** RECORDS **
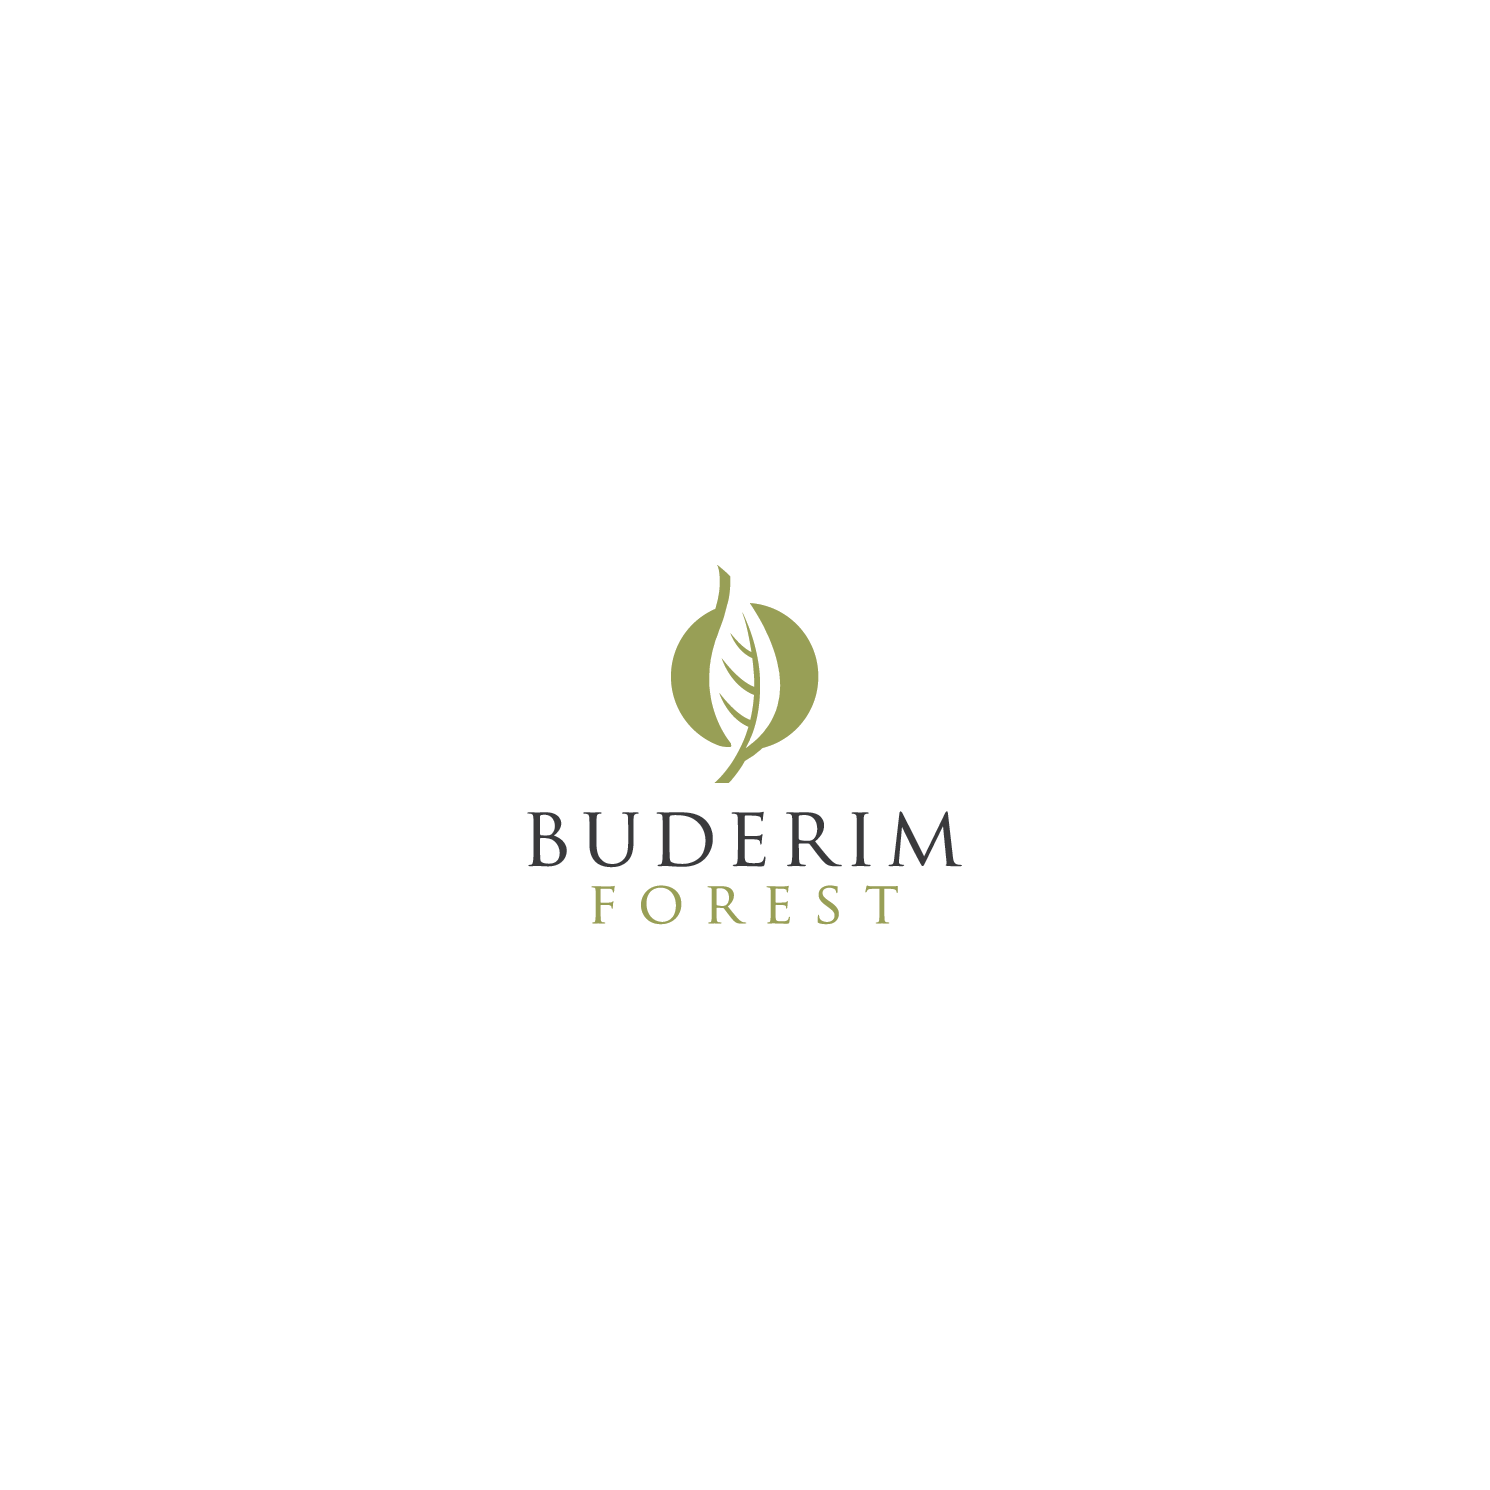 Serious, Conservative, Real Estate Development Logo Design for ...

---

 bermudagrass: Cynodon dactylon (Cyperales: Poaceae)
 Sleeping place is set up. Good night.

** WHAT TO PRODUCE **
From the listing above, the lines starting with the one that has "bermudagrass: Cynodon dactylon" and running through the one that has "Sleeping place is set up. Good night." should be copied exactly, ends included.

** WRITTEN REPLY **
 bermudagrass: Cynodon dactylon (Cyperales: Poaceae)
 Sleeping place is set up. Good night.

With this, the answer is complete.